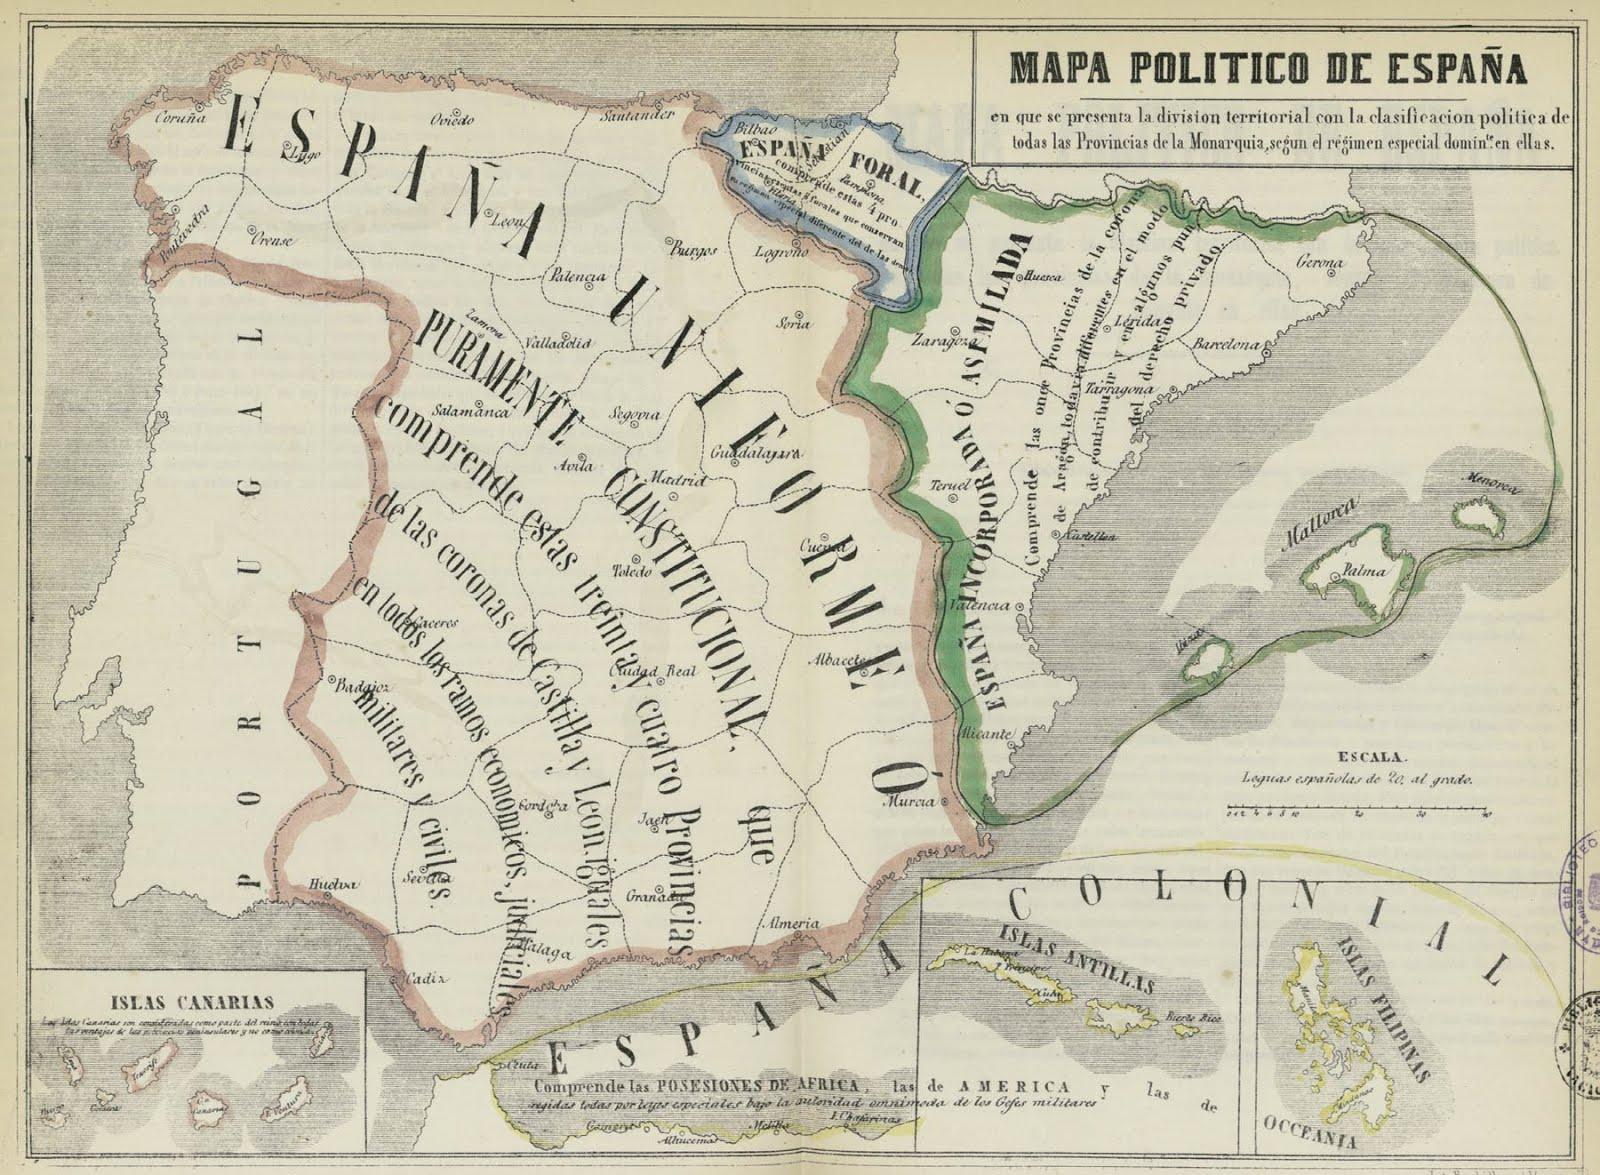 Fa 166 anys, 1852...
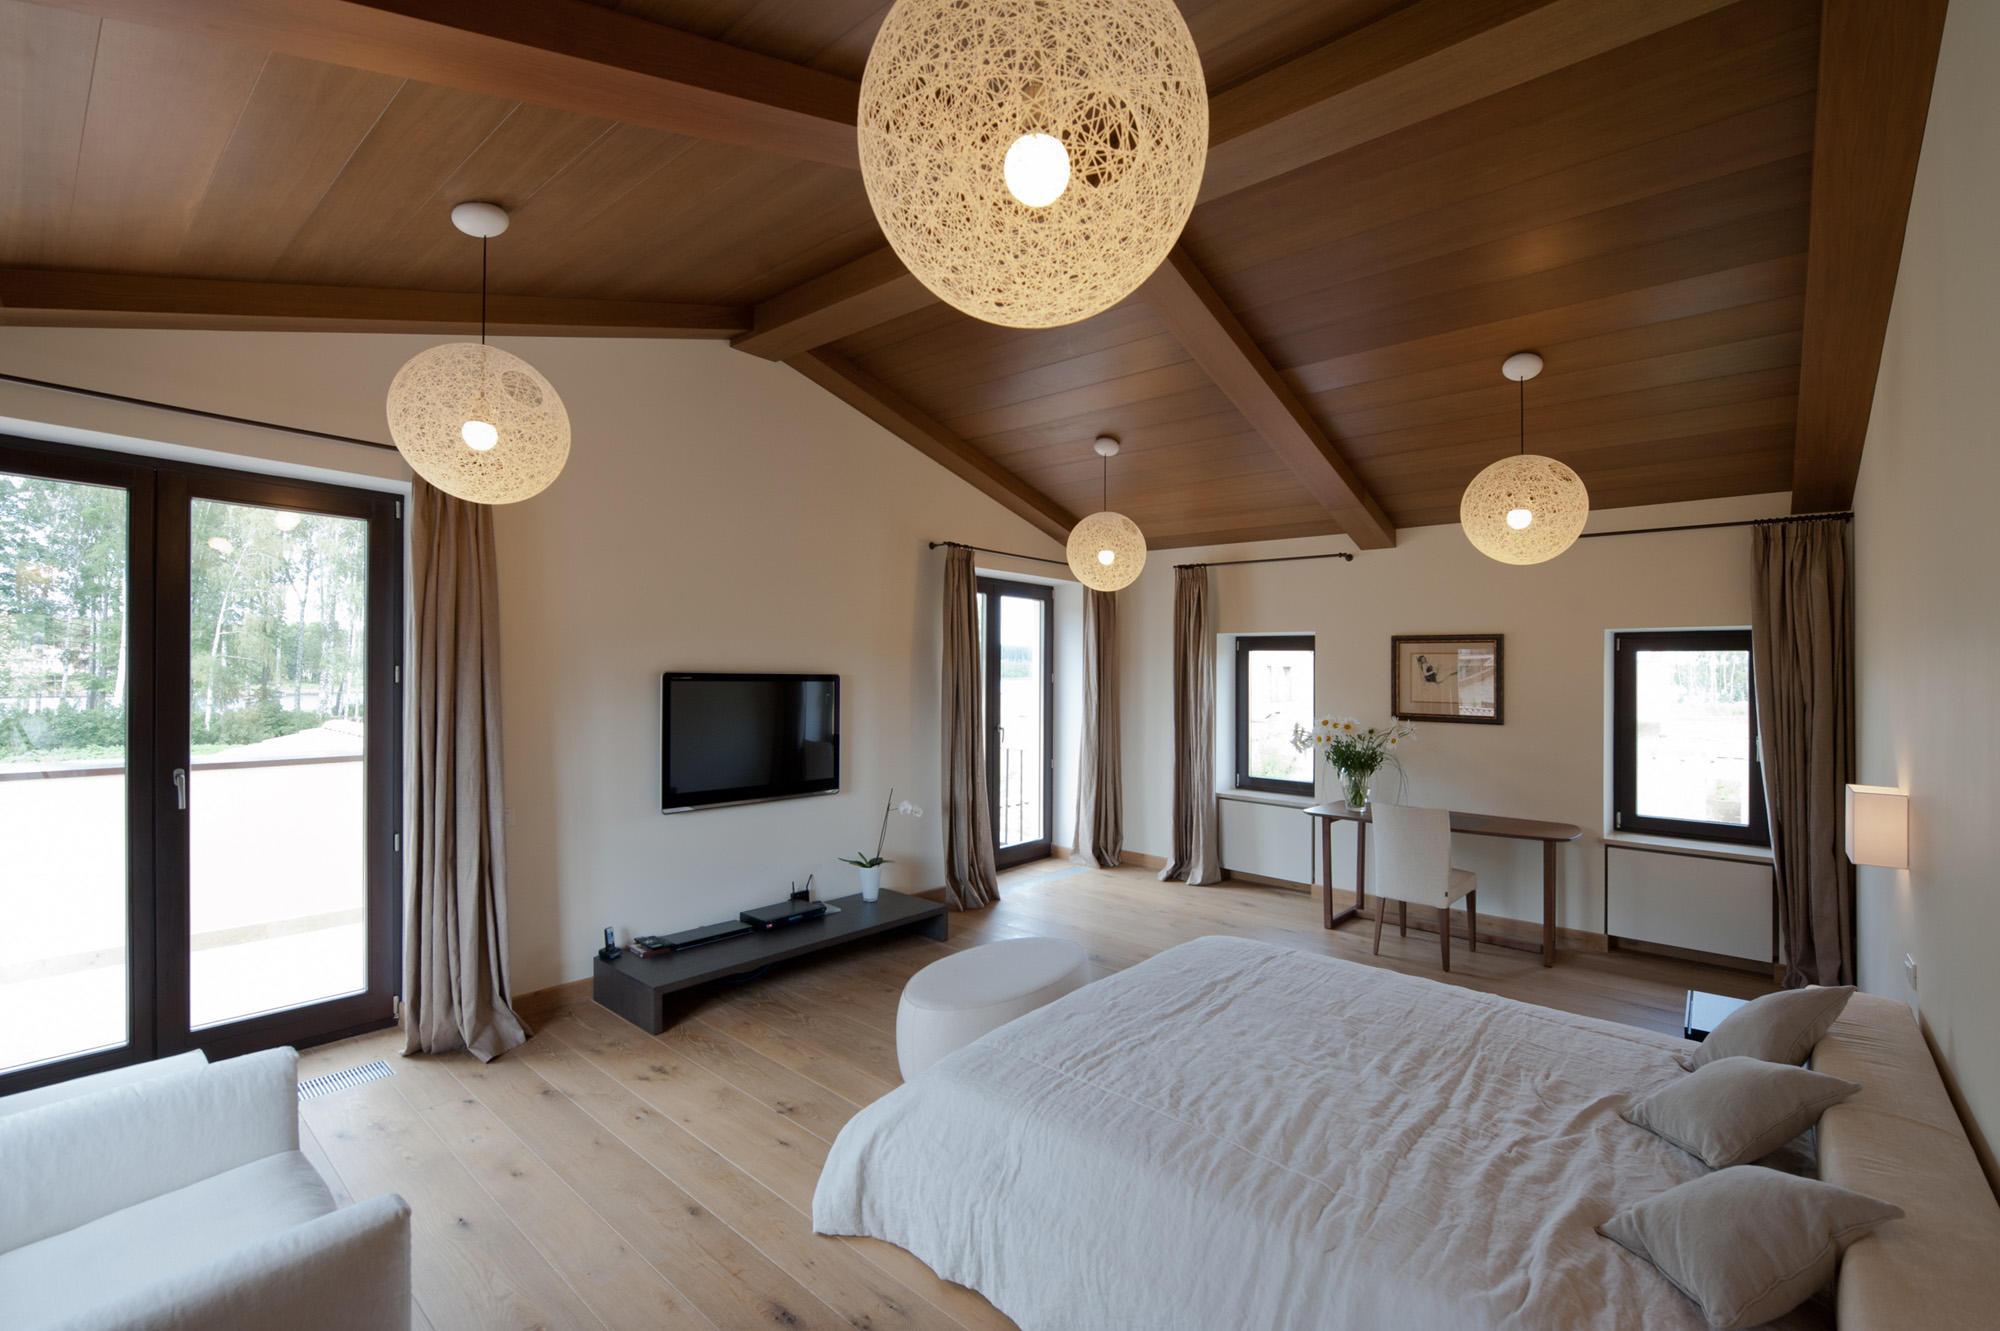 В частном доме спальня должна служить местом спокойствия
- - -
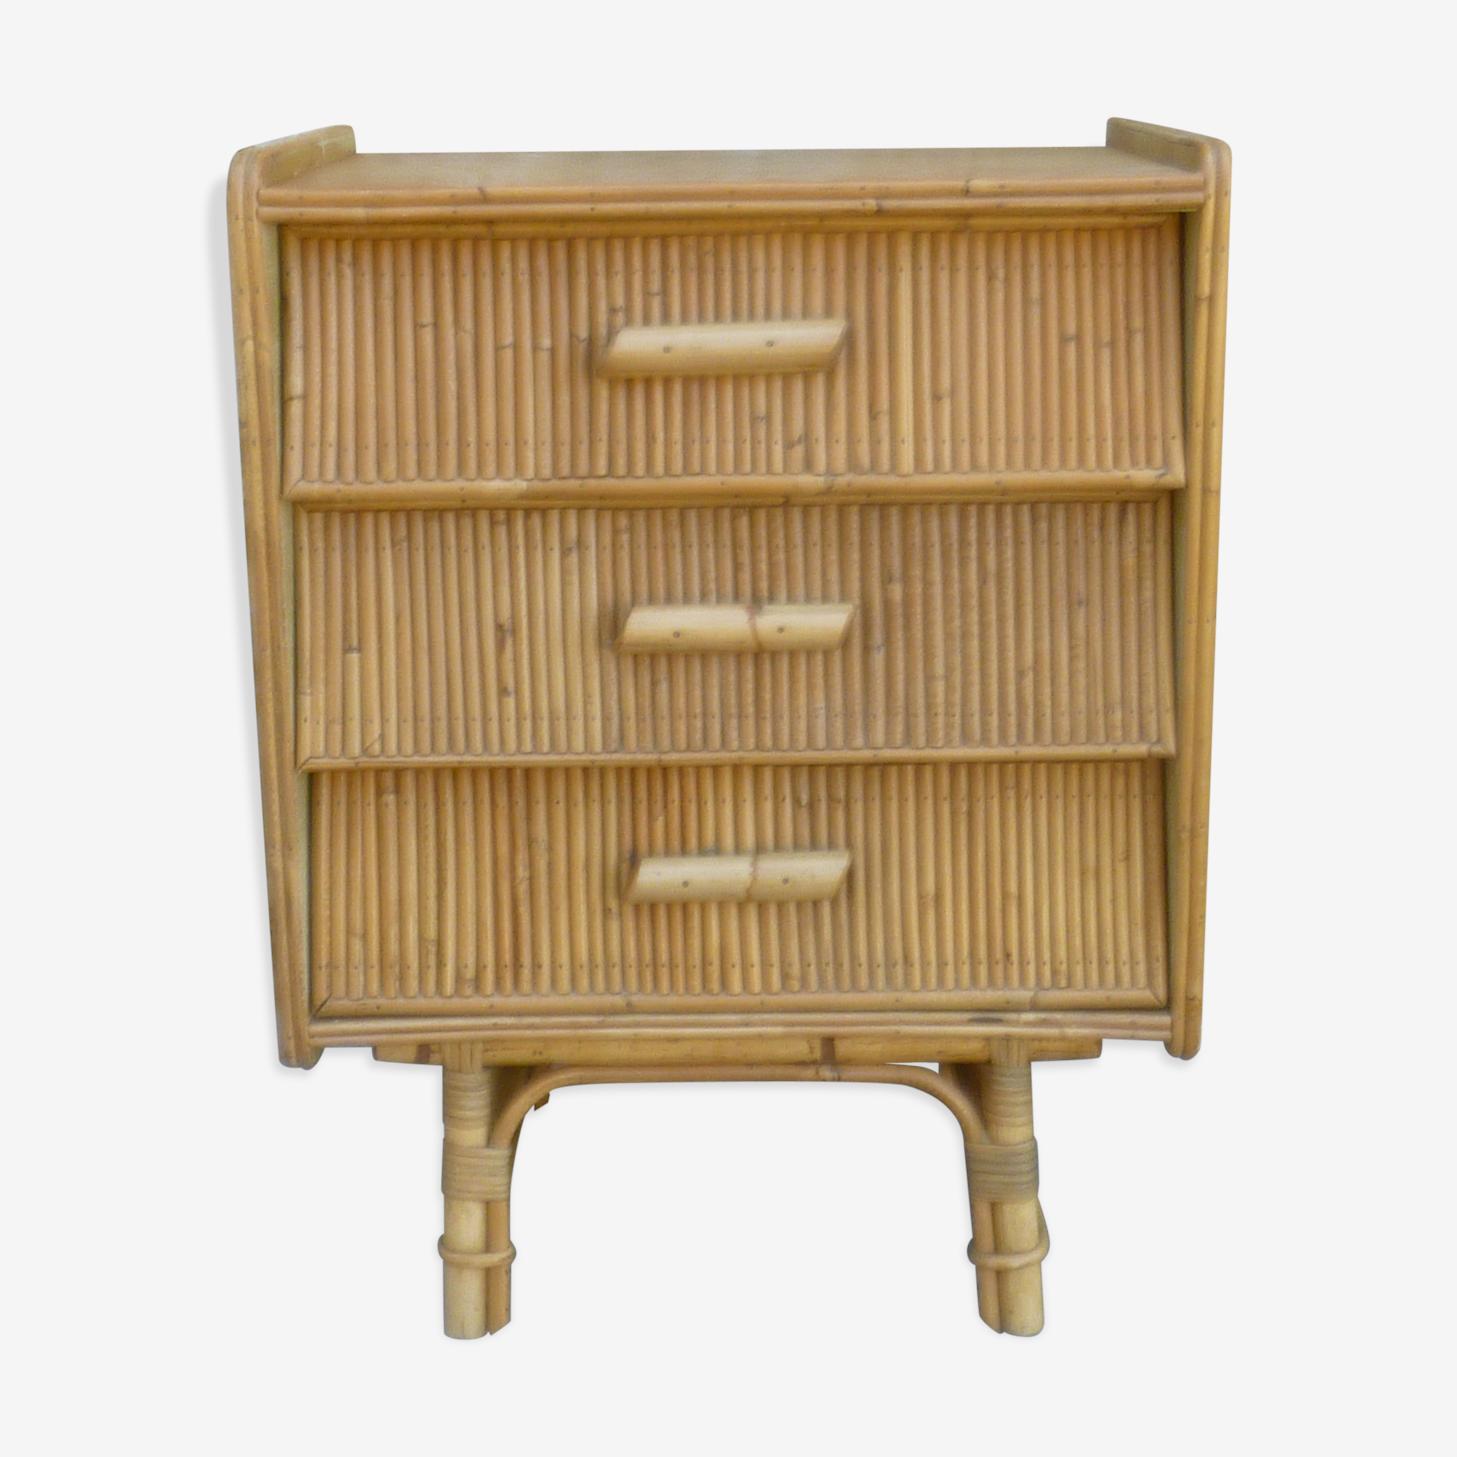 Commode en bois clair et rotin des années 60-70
- - -
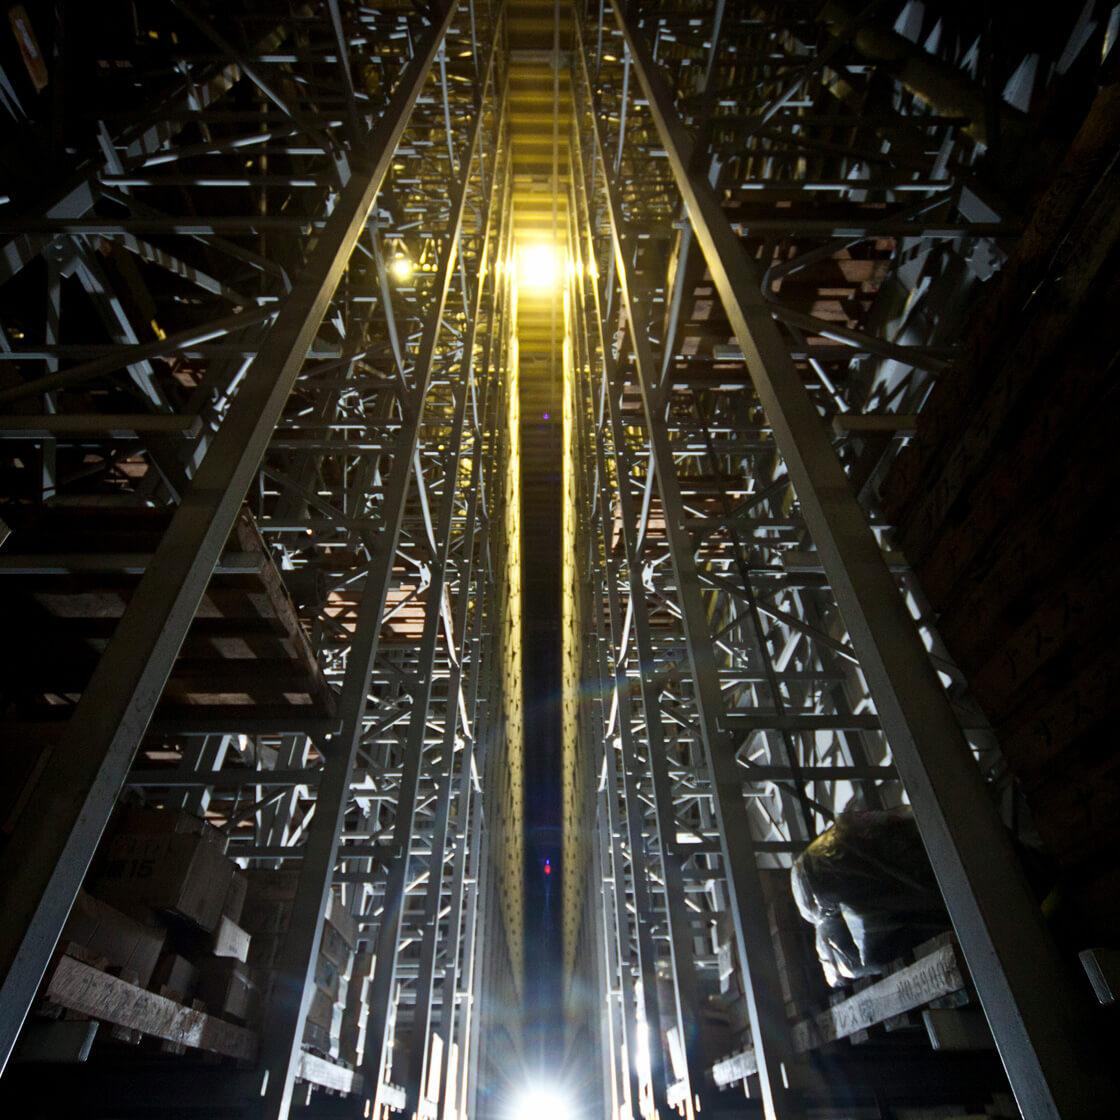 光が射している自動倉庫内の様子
- - -
■ **INSTRUCTIONS FOR THE TASK**:
Each line between the one holding "Fa 166 anys, 1852..." and the one holding "В частном доме", inclusive, should be copied exactly as it appears above, and pictures should be omitted.

■ **RESULT OF THIS TASK**:
 Fa 166 anys, 1852...
 В частном доме спальня должна служить местом спокойствия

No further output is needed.